Accuracy in Media

Q. How does a Republican president get a college professor to show him some love?

A. He appeases Communist China.

“China policy was comparatively successful during most of the Bush administration—an assessment that is widely shared, including among many who will make or influence China policy under Obama,” Jacques deLisle wrote in a paper for the Foreign Policy Research Institute on February 15, 2009. “Early tensions had become relatively distant memories by the end of an administration that closed with President Bush’s attendance at the Beijing Olympics opening ceremonies and China’s muted reaction to the eleventh-hour consummation of a long-pending package of arms sales to Taiwan.”

“The Obama administration begins with significant good will in China.” Professor deLisle is the Stephen A. Cozen Professor of Law at the University of Pennsylvania.

One of his duo of ratings describes him as “absolutely horrible.” While that is probably too harsh a description of the professor, it might be an entirely appropriate characterization of Communist China and U. S. policy towards the dictatorship under both the Republican who just exited the White House and the Democrat who replaced him there.

For one thing, every available human rights report shows new abuses occurring and old ones unresolved. For another, it is clear from the extant evidence that Red China sees trade as a weapon of war, not a means to a better life.

“China made scant progress in reining in the rampant counterfeiting and piracy that deprive legitimate foreign businesses operating in China of their intellectual property, while they provide an effective subsidy to Chinese companies that make use of stolen software and other advanced technology,” the U. S.-China Economic and Security Review Commission reported in its report for 2008. “Chinese regulators failed to prevent the domestic sale and export of consumer goods tainted with industrial chemicals and fraudulent ingredients.”

“In one case examined by the Commission, China’s lax controls on the production and handling of its seafood exports led to a partial U.S. ban for health reasons on imported Chinese seafood. Yet, thanks to artificially low prices partly resulting from an array of subsidies to its seafood industry, China has become the largest exporter of seafood to the United States.”

The China Commission was formed by Congress as a response to scandals in the Clinton Administration that the media largely ignored and that the Republicans who then ran the national legislature failed to investigate. Since it has been in existence, the Commission has catalogued Red China’s abuses in chapter and verse in hundreds of pages submitted to congressional committees annually.

The Bush Administration largely followed the benign neglect policies of the Clinton years although the 43rd president did not embrace the Beijing regime quite as warmly as the 42nd chief executive did. “Since 2001, the Bush Administration has continued the policy of engagement with China, while the Pentagon has skeptically reviewed and cautiously resumed a program of military-to-military exchanges,” Shirley Kan wrote in a report for the Congressional Research Service in a report updated on February 1, 2008.

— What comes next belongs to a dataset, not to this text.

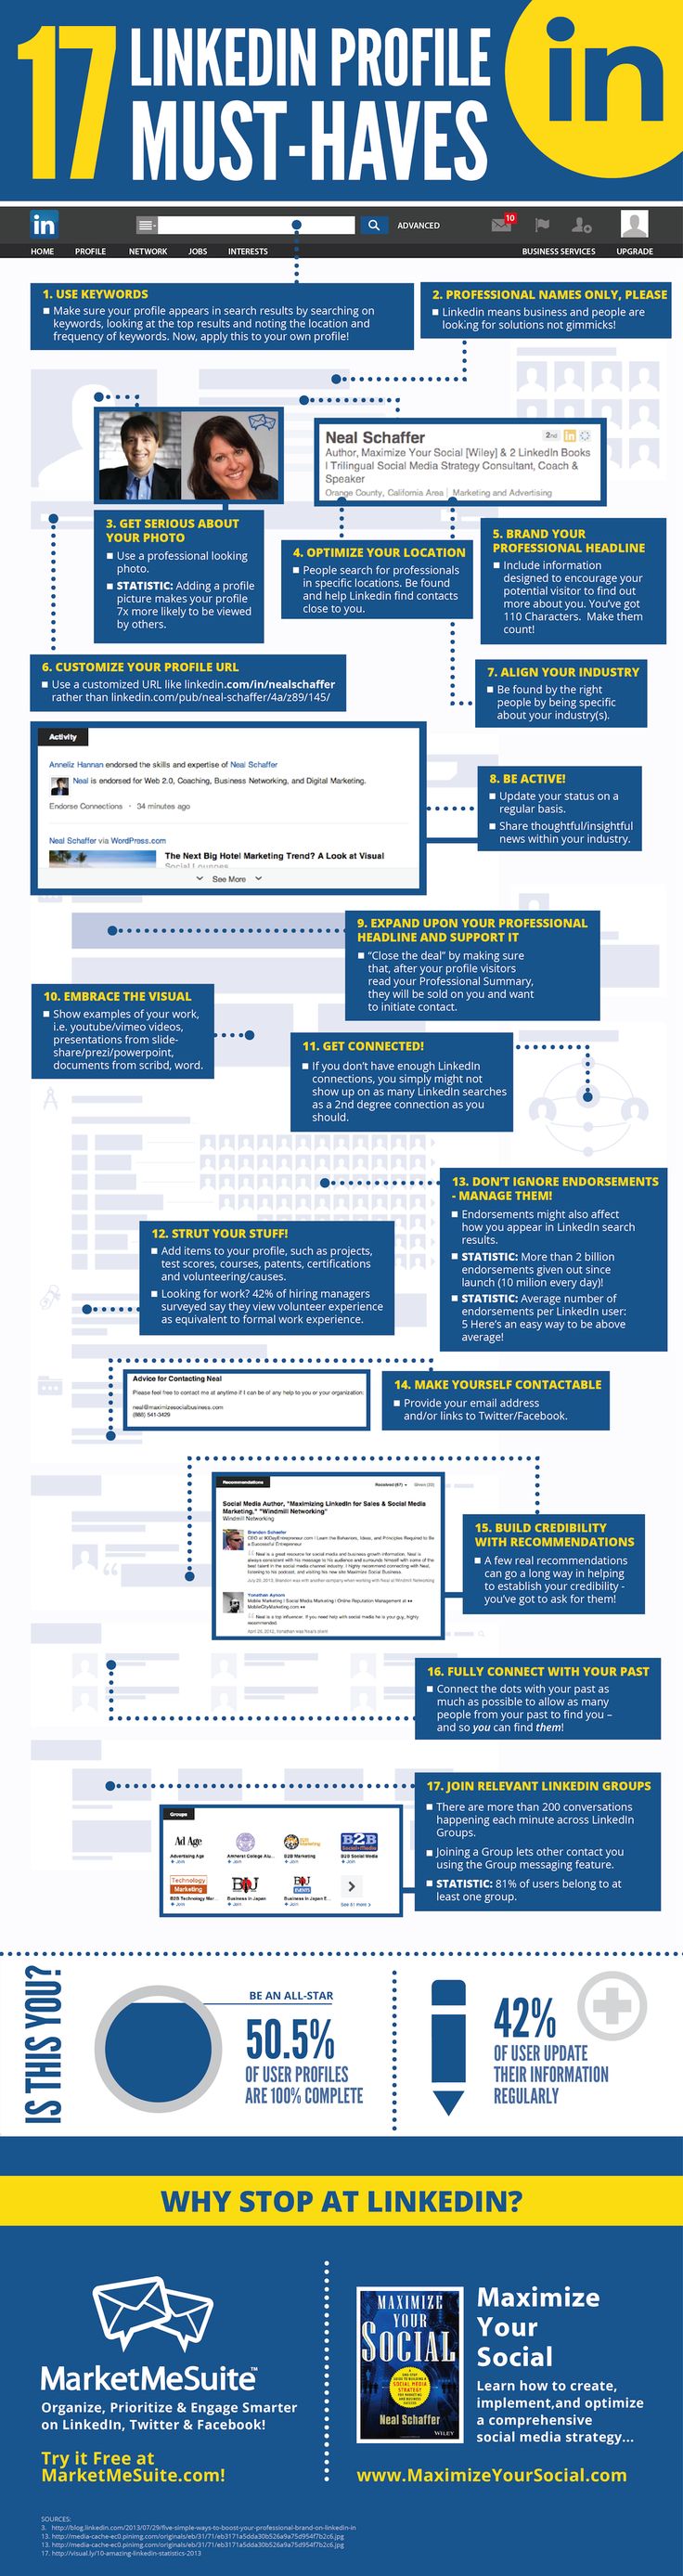 Infographic: 17 LinkedIn Profile Must-haves

Out of office, President Reagan’s defense secretary Caspar Weinberger characterized the latter of these activities as “a license to steal.” Indeed, it is hard to find an endeavor in which Red China as changed.

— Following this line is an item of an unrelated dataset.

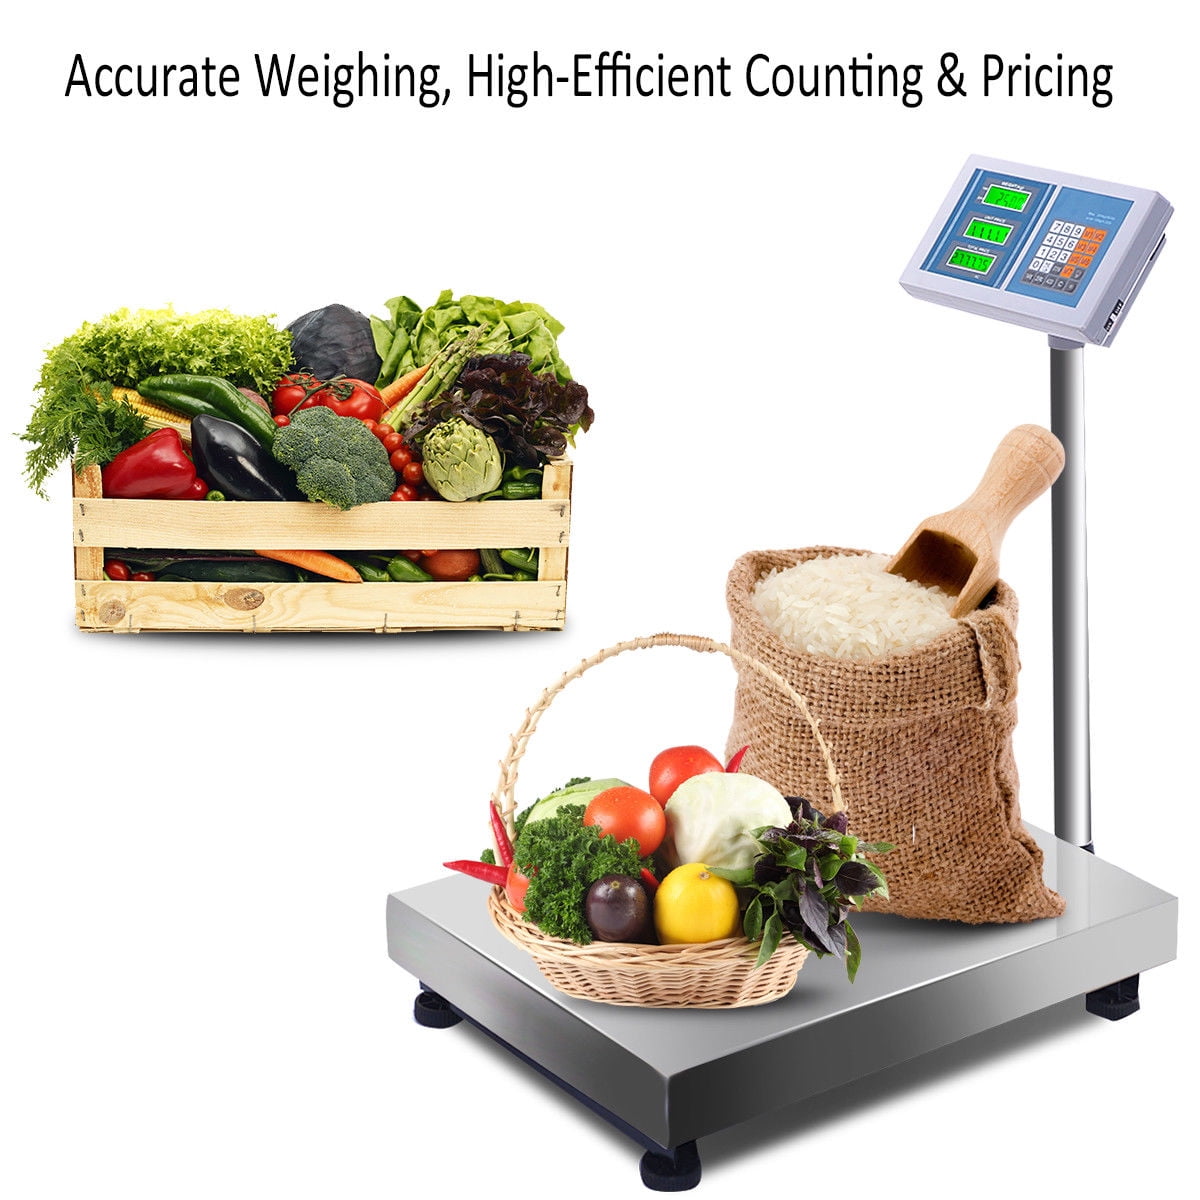 Silver Giantex 660lbs Weight Computing Digital Scale Floor Platform Scale for Weighing Luggage Package Shipping Mailing Postal Scale with Accurate LB/KG Price Calculator High-Definition Displa

“China continues to repress religious and human rights, and intimidate our Asian allies while expanding their influence in areas like South America and Africa,” Sen. James Inhofe, R-Okla., warned his colleagues on April 5, 2005. “The recent Taiwanese ‘anti-secession’ bill passed in China is further evidence of this hegemonic outlook.”

“Apparent dual use of legitimate U.S. Exports once delivered in China being converted for military or surveillance applications.” Red China is engaged in “industrial espionage” as well as the old-fashioned kind, Sen. Inhofe showed.

“Also, according to the FBI, cases of Chinese espionage in the United States are increasing at thirty percent annually in some places,” Sen. Inhofe noted. He also pointed out that China has been busily arming Iran, which makes the suggestion of policy wonks that the People’s Republic aid the United States in pressuring the rogue regime a curious one.

You may not have to wait long for the Great Leap Forward.